» Available data
┌──

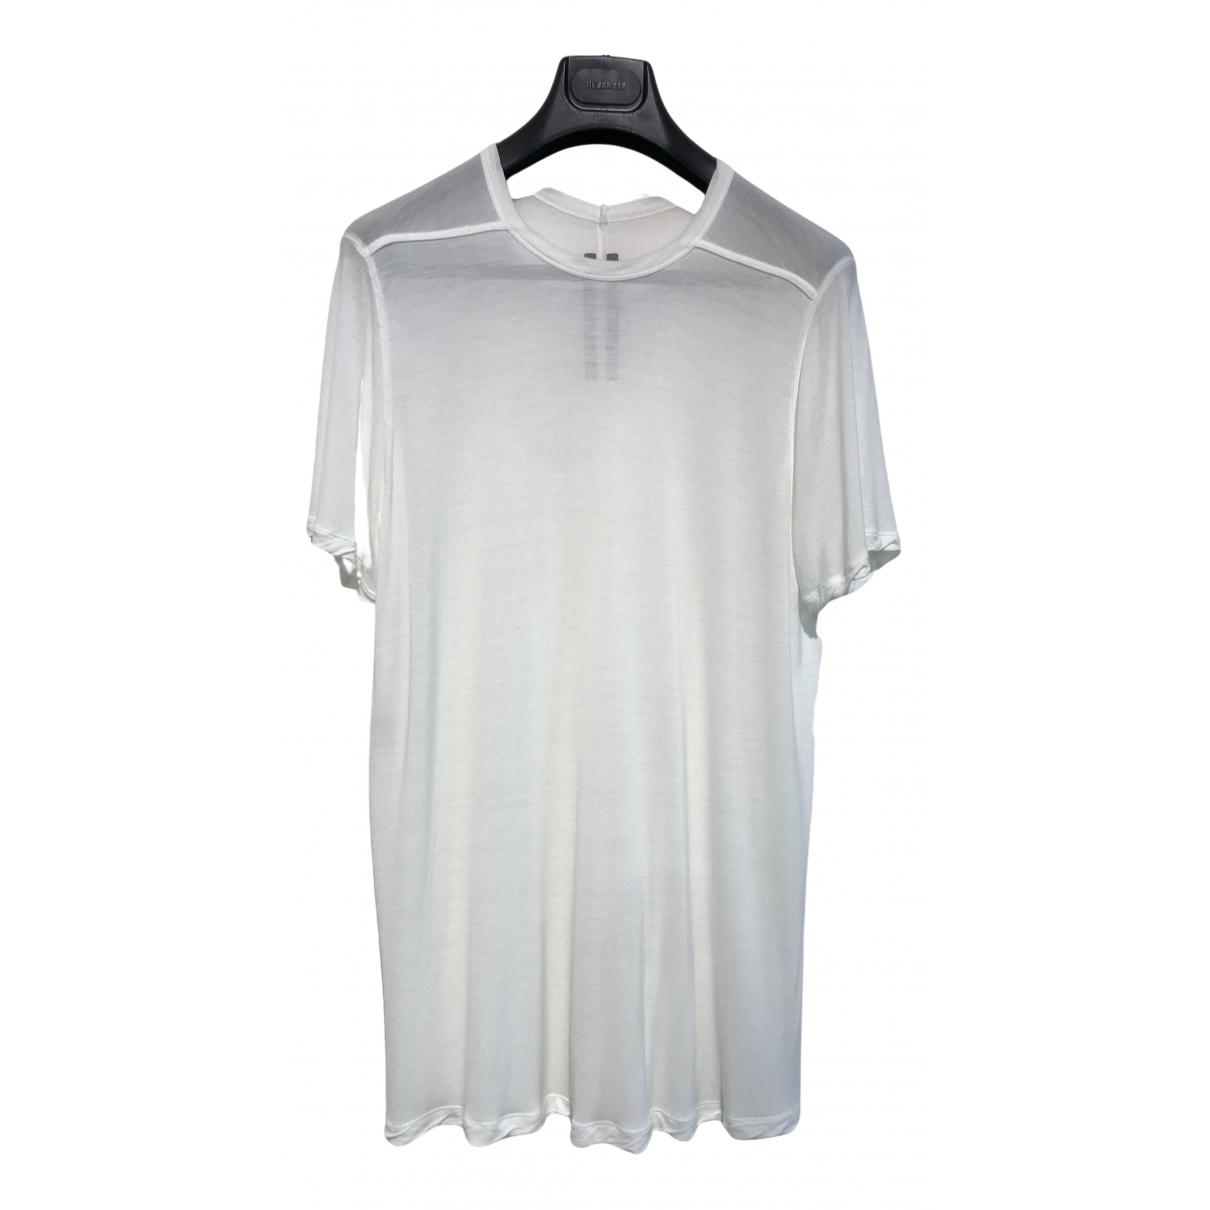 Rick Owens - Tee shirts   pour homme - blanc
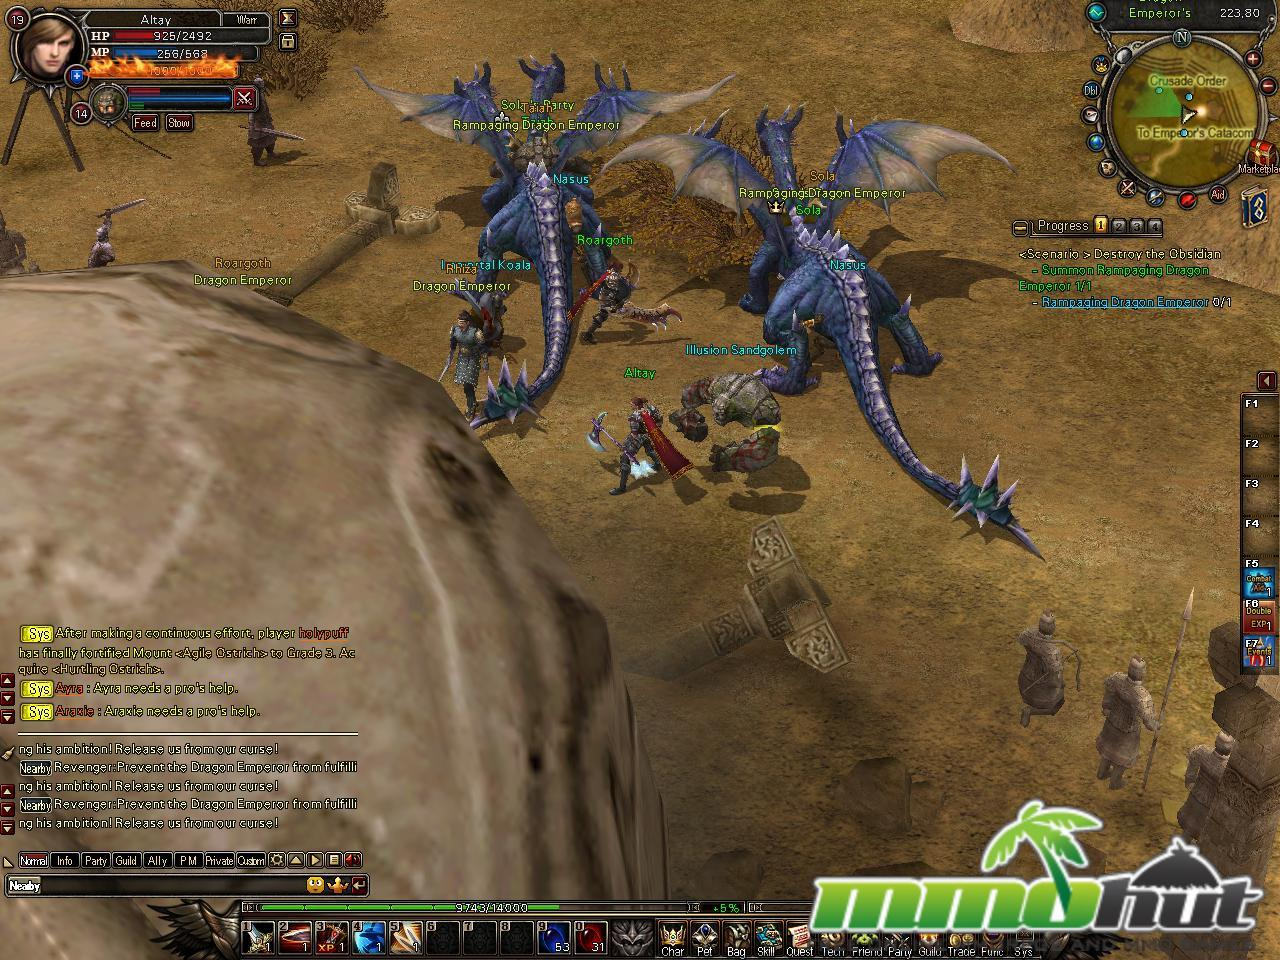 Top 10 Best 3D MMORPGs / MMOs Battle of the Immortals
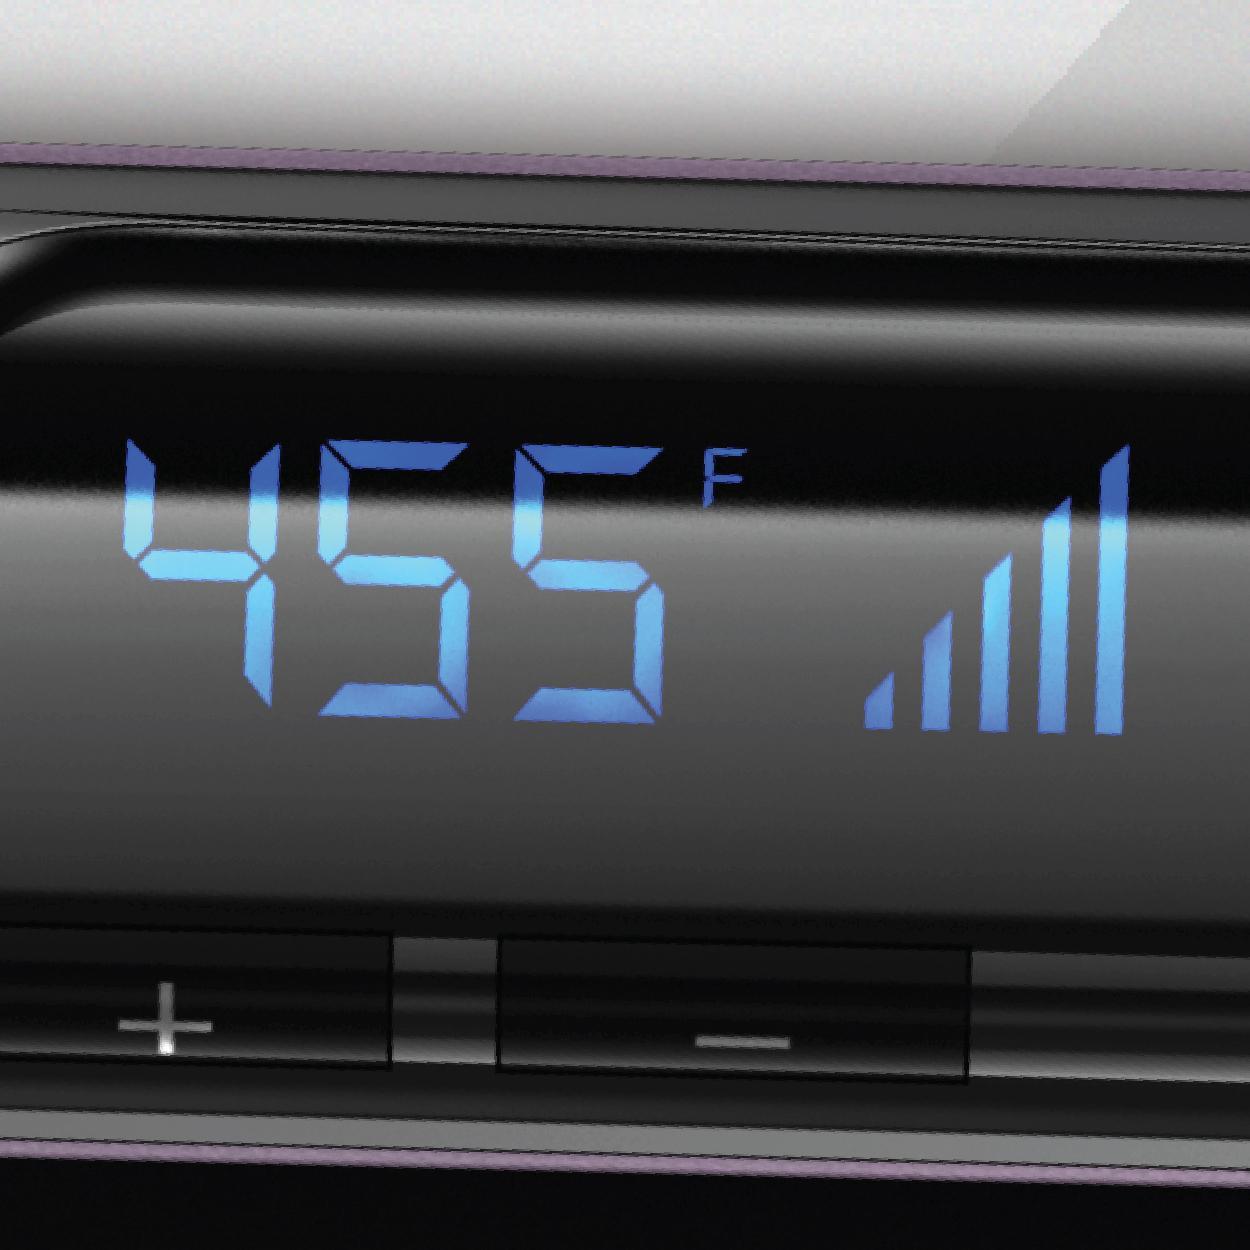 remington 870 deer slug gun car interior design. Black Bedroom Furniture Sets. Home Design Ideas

└──
┌──

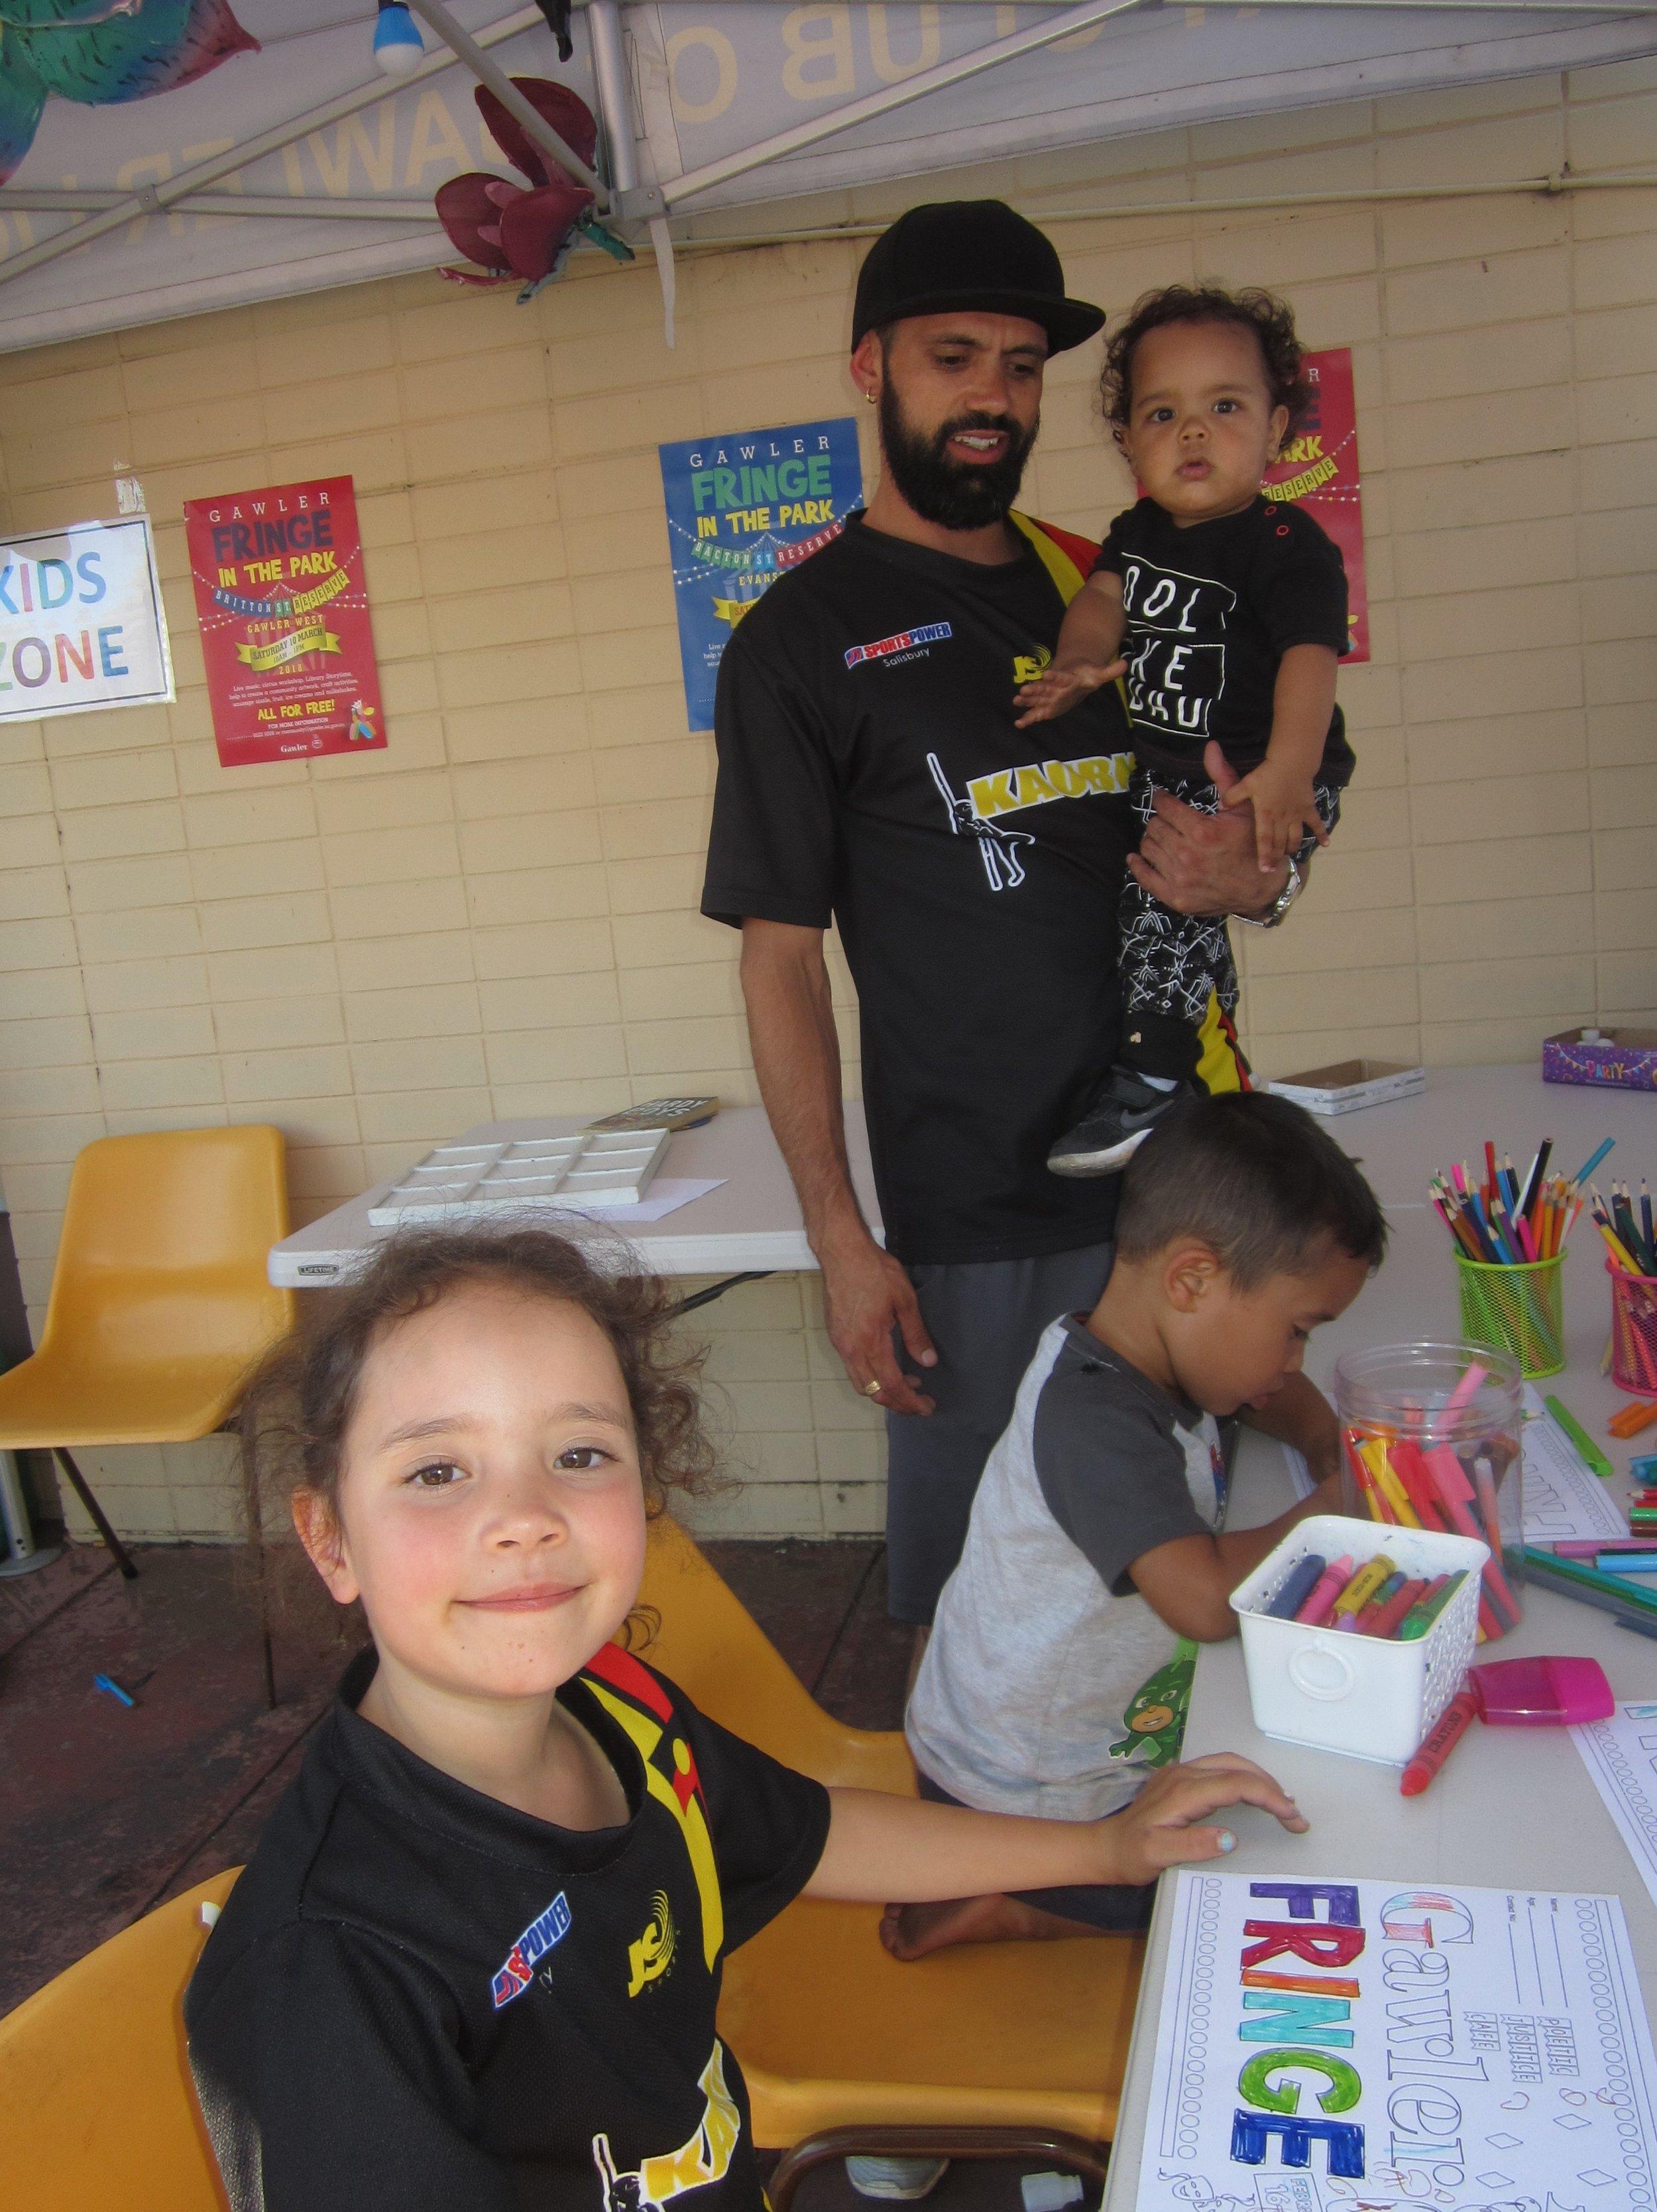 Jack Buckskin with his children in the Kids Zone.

└──
┌──

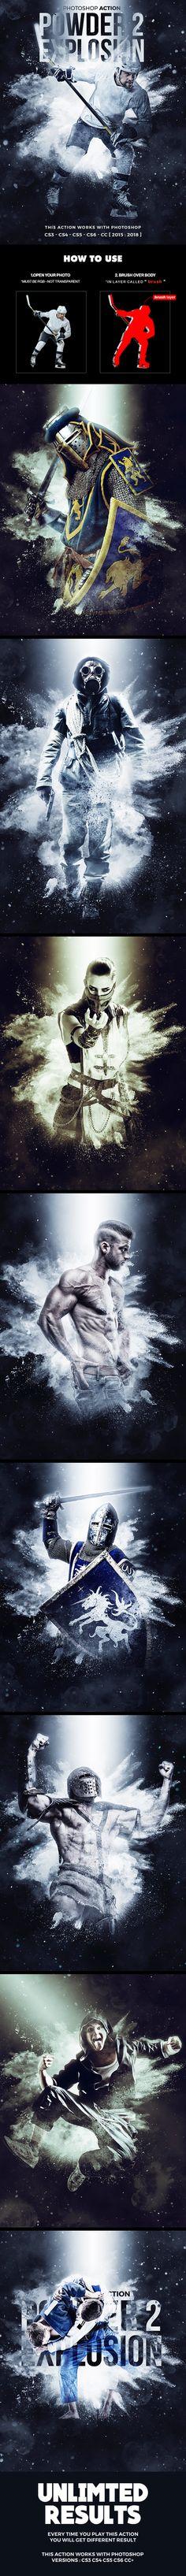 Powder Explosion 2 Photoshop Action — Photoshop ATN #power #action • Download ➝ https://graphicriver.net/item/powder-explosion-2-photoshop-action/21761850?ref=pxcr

└──

» What you need to do
From the records above, write out exactly the lines that begin at the line with "Top 10 Best" and end at the line with "remington 870 deer". Pictures must not appear in the output.

» Output of the exercise
 Top 10 Best 3D MMORPGs / MMOs Battle of the Immortals
 remington 870 deer slug gun car interior design. Black Bedroom Furniture Sets. Home Design Ideas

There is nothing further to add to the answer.